4. Pada saat pasien tahan napas atau saat keluar napas perlahan (dari inspirasi
maksimal), tube dicabut cepat dengan satu gerakan lembut.
5. Lubang bekas tube dijahit,
6. Selanjutnya dilakukan foto toraks untuk evaluasi apakah ada udara dalam rongga
pleura. Jika pasien stabil, pneumotoraks kecil biasanya kita pantau dengan observasi
ketat.

Komplikasi
Komplikasi yang dapat ditimbulkan melalui terapi WSD terdapat beberapa macam.
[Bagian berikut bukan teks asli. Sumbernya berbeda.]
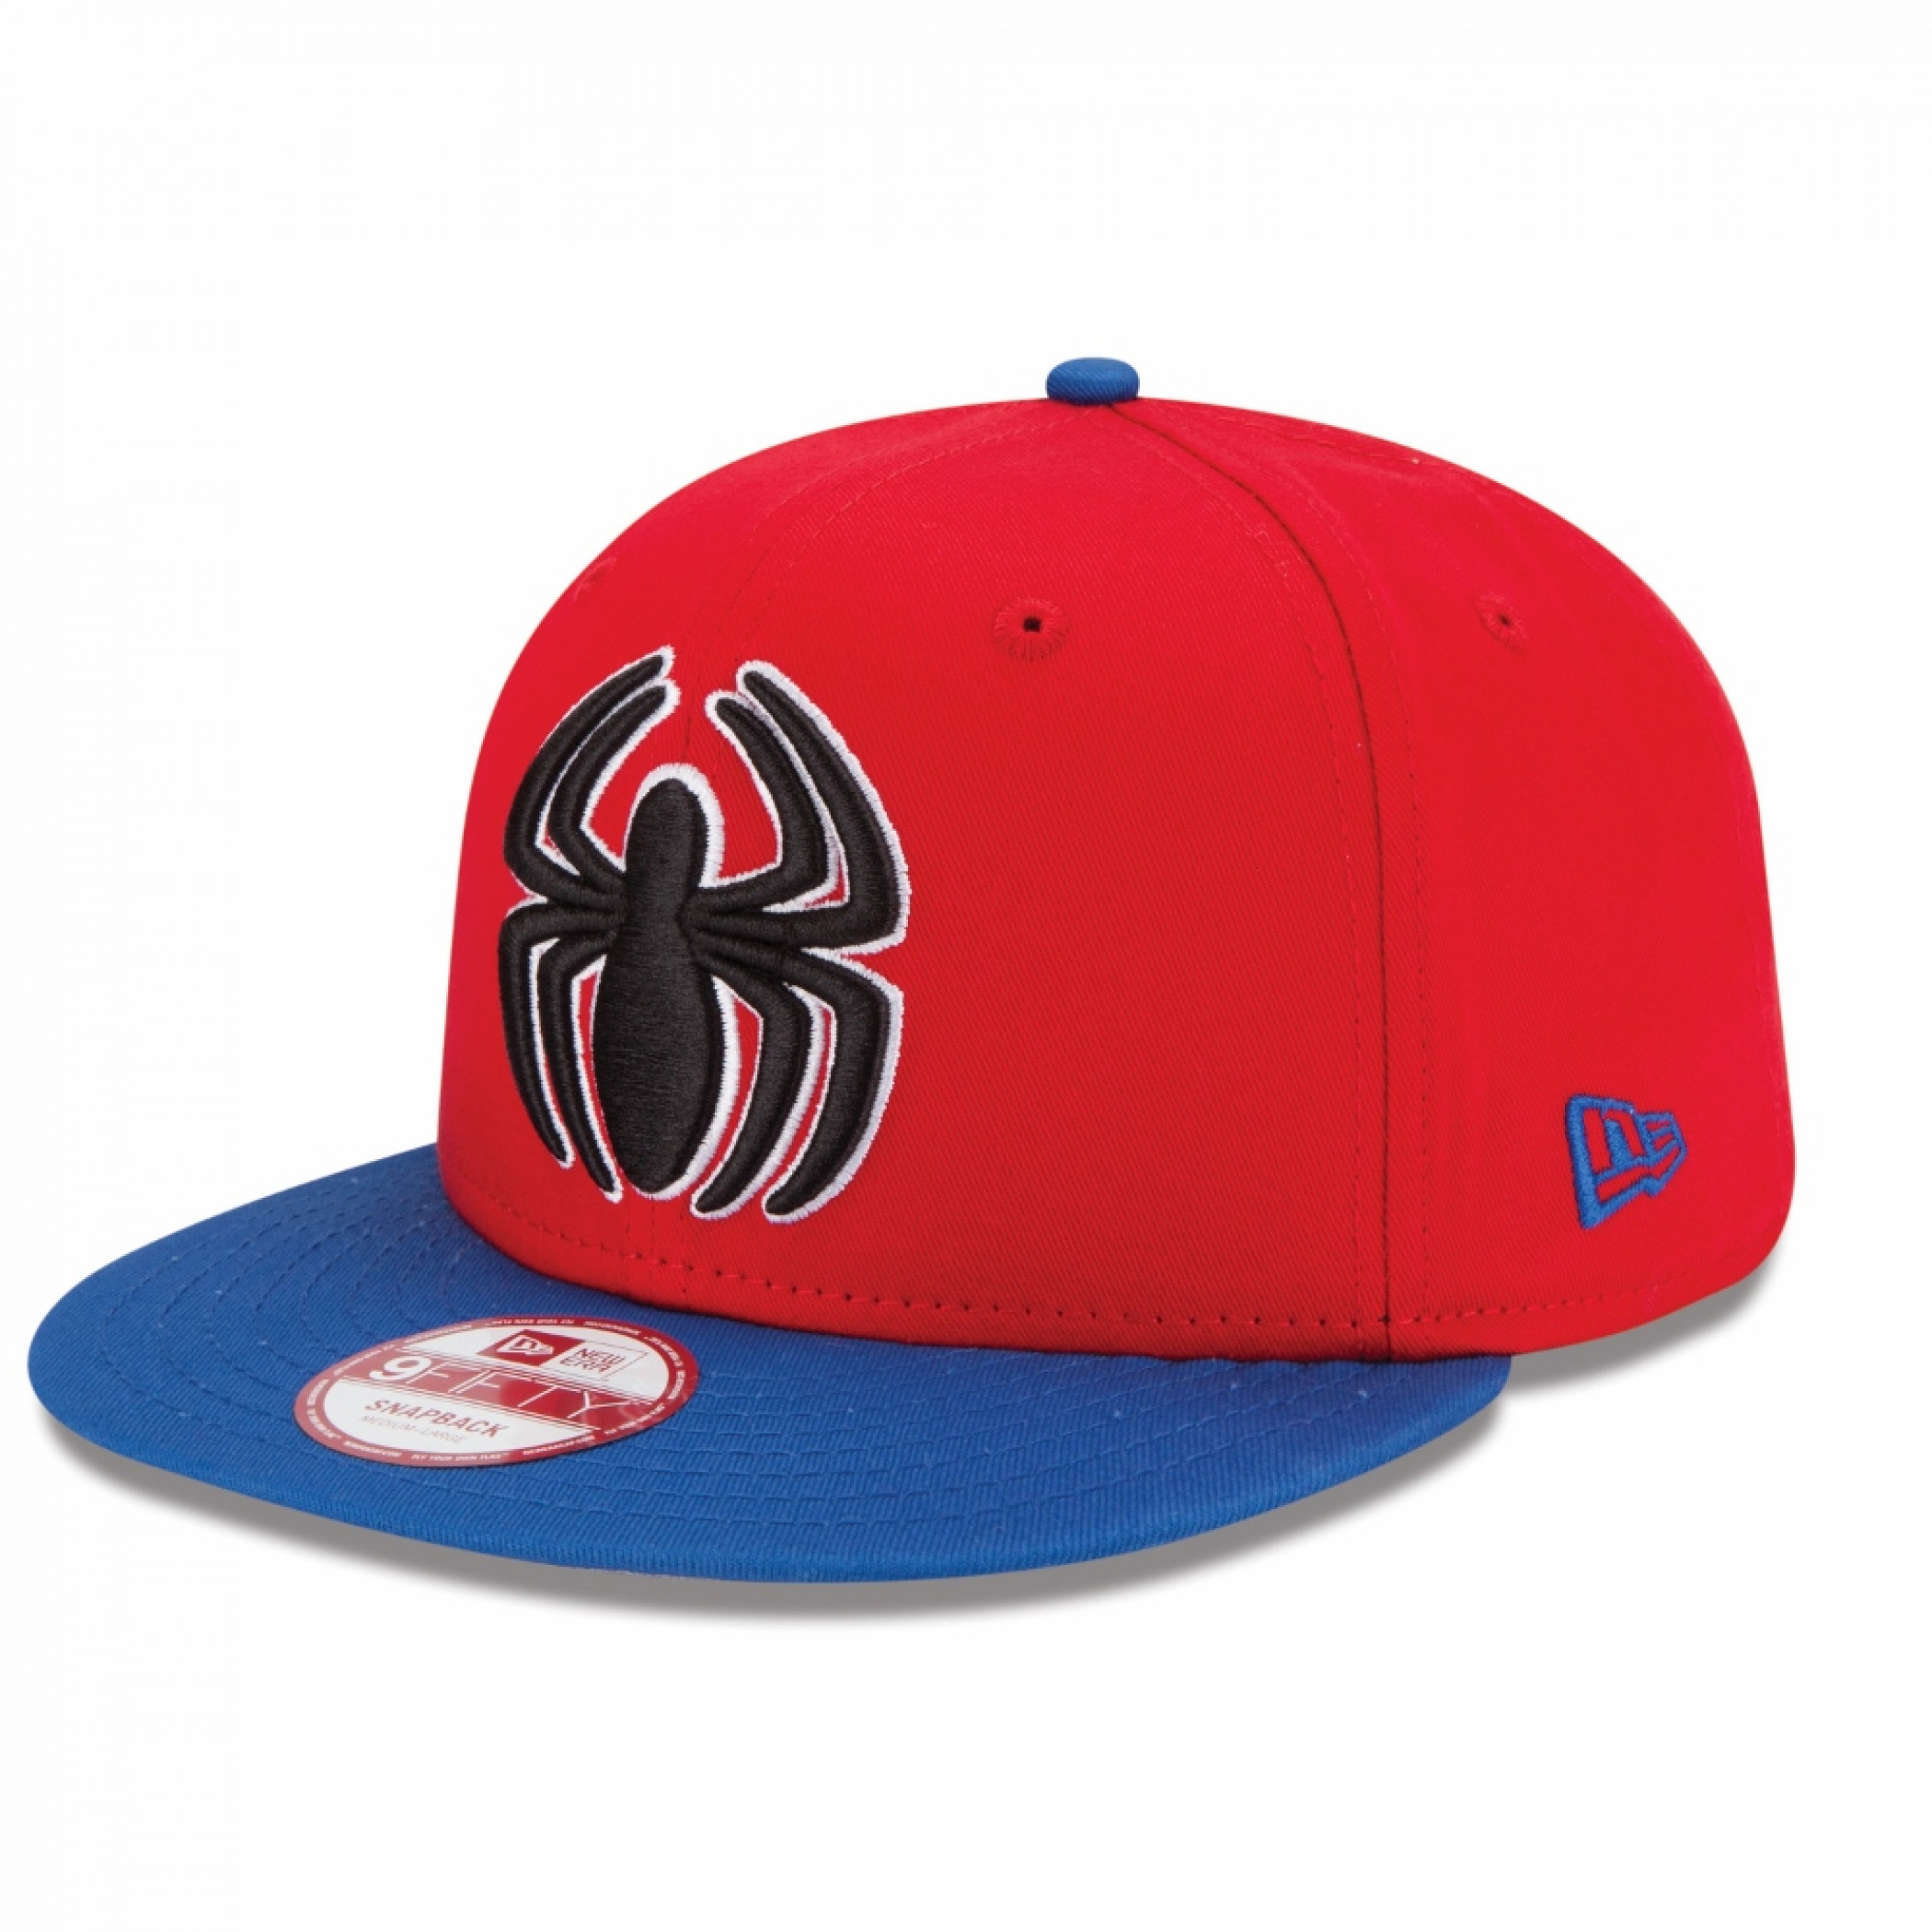 Spider-Man Symbol with "Amazing" Patch New Era 9Fifty Adjustable Hat

Ada yang berupa komplikasi insertional, mekanikal, sistemik dan lokal. Berikut ini
merupakan klasifikasi komplikasi-komplikasi dari terapi water seal drainage:
1. Tube malposition: Yakni peletakan sealang WSD yang tidak sesuai dengan tempat
seharusnya. Beberapa jenis tube malposition meliputi, intraparenchymal tube
placement, fissural tube placement, chest wall tube placement, mediastinal tube
placement dan abdominal placement.
2. Blocked drain: Adanya blokade pada selang WSD yang menyebabkan drainase
menjadi tidak lancar, dapat disebabkan oleh karena kekakuan, terbentuknya gumpalan
cairan, adanya puntiran, terdapat sisa debris atau ikut terbawanya jaringan paru yang
mengakibatkan selang WSD menjadi tersumbat
3. Chest drain dislodgement: Yakni terlepasnya selang WSD dari cavum pleura pasien,
dapat dihindari dengan prosedur yang baik dan harus segera diatasi dengan
memasangkan kembali selang WSD melalui prosedur yang asepsis.
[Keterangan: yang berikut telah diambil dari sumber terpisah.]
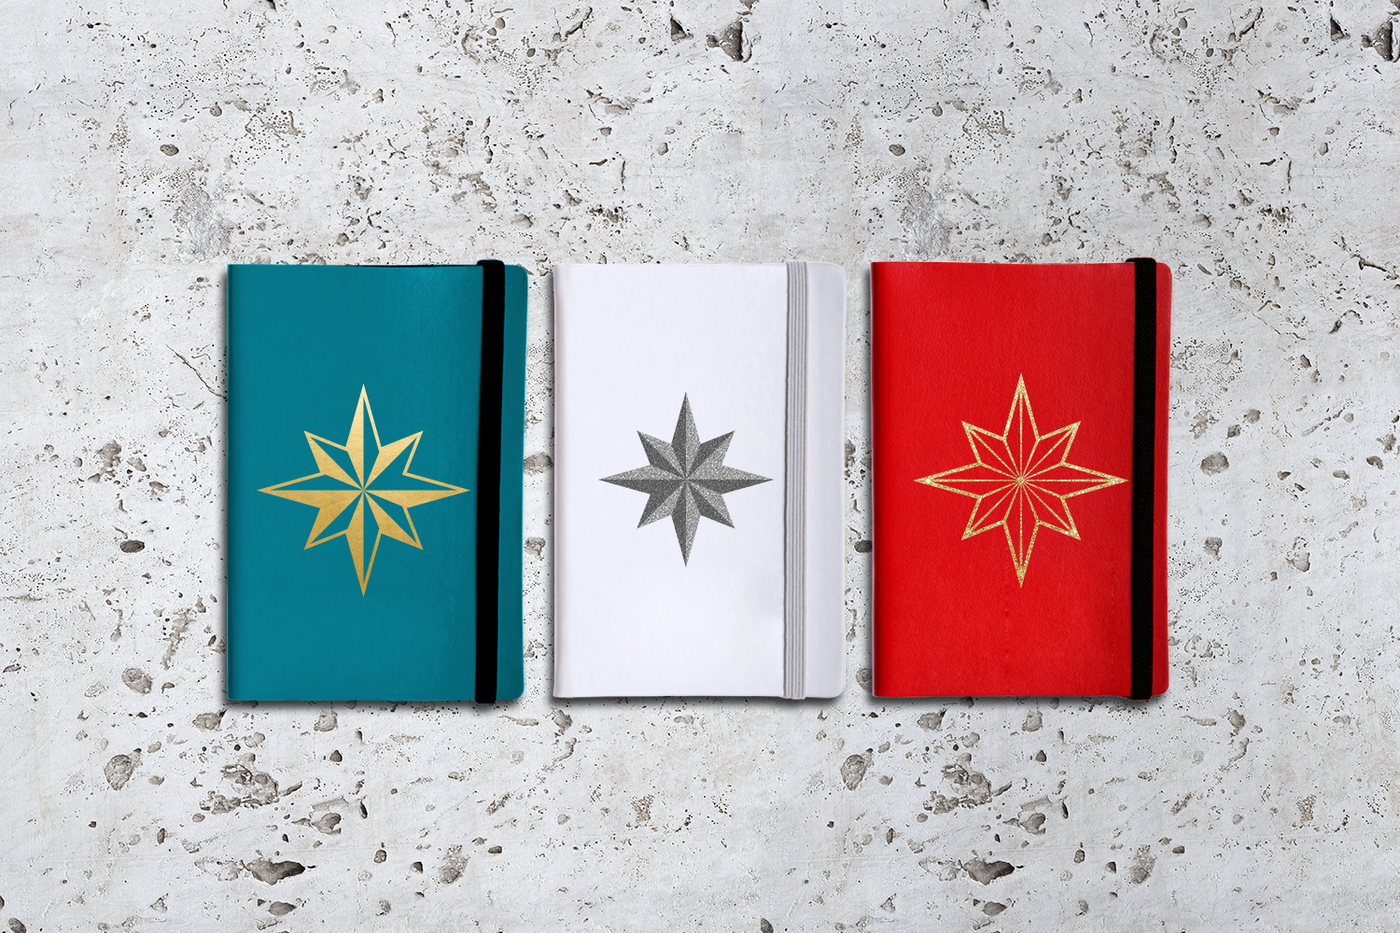 Three notebooks on a cement background. Each features an 8-pointed dimensional star design.

4. Edema pulmonum reekspansi (REPE): Terjadinya udema pulmonum setelah paru
yang tadinya kolaps mengembang. Patogenesis yang mendasarinya antara lain yakni
adanya peningkatan permeabilitas kapiler, adanya radikal bebas oksigen yang
menyebabkan kerusakan kapiler dan adanya penurunan produksi surfaktan. Tindakan
pencegahannya diduga dapat dilakukan dengan melakukan drainase tanpa suction, dan
melakukan drainase secara perlahan-lahan.
5. Emfisema subkutis: Adalah terbentuknya akumulasi udara pada ruang subcutan pada
dinding dada. Pada pemeriksaan fisik dapat ditemukan krepitasi pada palpasi dinding
dada.
6. Cedera saraf: pada pemasangan WSD yang kurang berhati–hati dapat juga
menyebabkan cedera pada saraf di sekitar lokasi pemasangan WSD, cedera saraf yang
pernah terjadi akibat pemasangan WSD antara lain yakni, horner’s syndrome, phrenic
nerve injury, long thoracic nerve injury dan ulnar neuropathy.
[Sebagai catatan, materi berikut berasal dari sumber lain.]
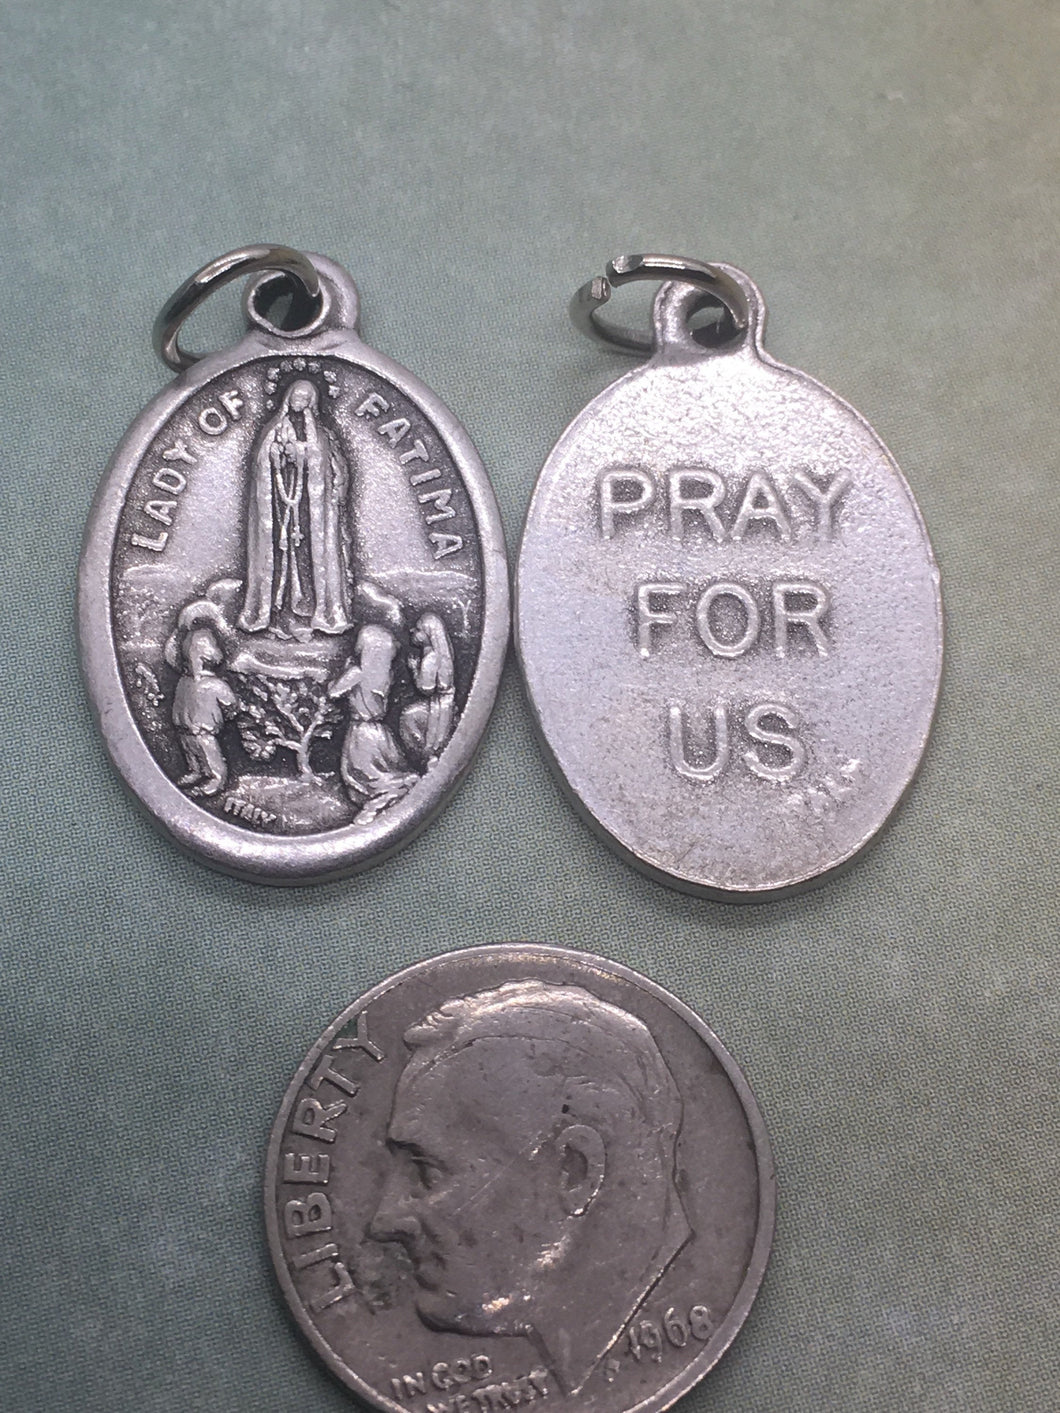 Our Lady of Fatima (1917) holy medal, 3 styles

7. Cedera kardiovaskular: Pada pemasangan WSD juga dapat menagkibatkan cedera
vascular yakni berupa perdarahan dan juga dapat memicu komplikasi ke arah cedera
jantung.
8. Residual/ post extubation pneumothoraks: Yakni terjadinya pneumothoraks akibat
tidak terdrainasenya udara secara optimal dan atau pneumothoraks yang terjadi karena
prosedur pelepasan WSD yang kurang baik.
9. Fistula: Yakni terbentuknya fistula yang dapat menghubungkan pleura dengan
subkutis atau bahkan fistula yang dapat menghubungkan bronkus beserta
cabangngnya dengan cavum pleura dan dengan subkutis.
10. Infeksi: Pada pemasangan WSD dapat terjadi infeksi yang bersifat lokal pada sekitar
lokasi terpasangnya selang WSD, dan yang lebih parah dapat juga terjadi infeksi di
dalam cavum pleura hingga mengakibatkan terbentuknya cairan pus pada cavum
pleura, dikenal juga dengan istilah empyema thoracis.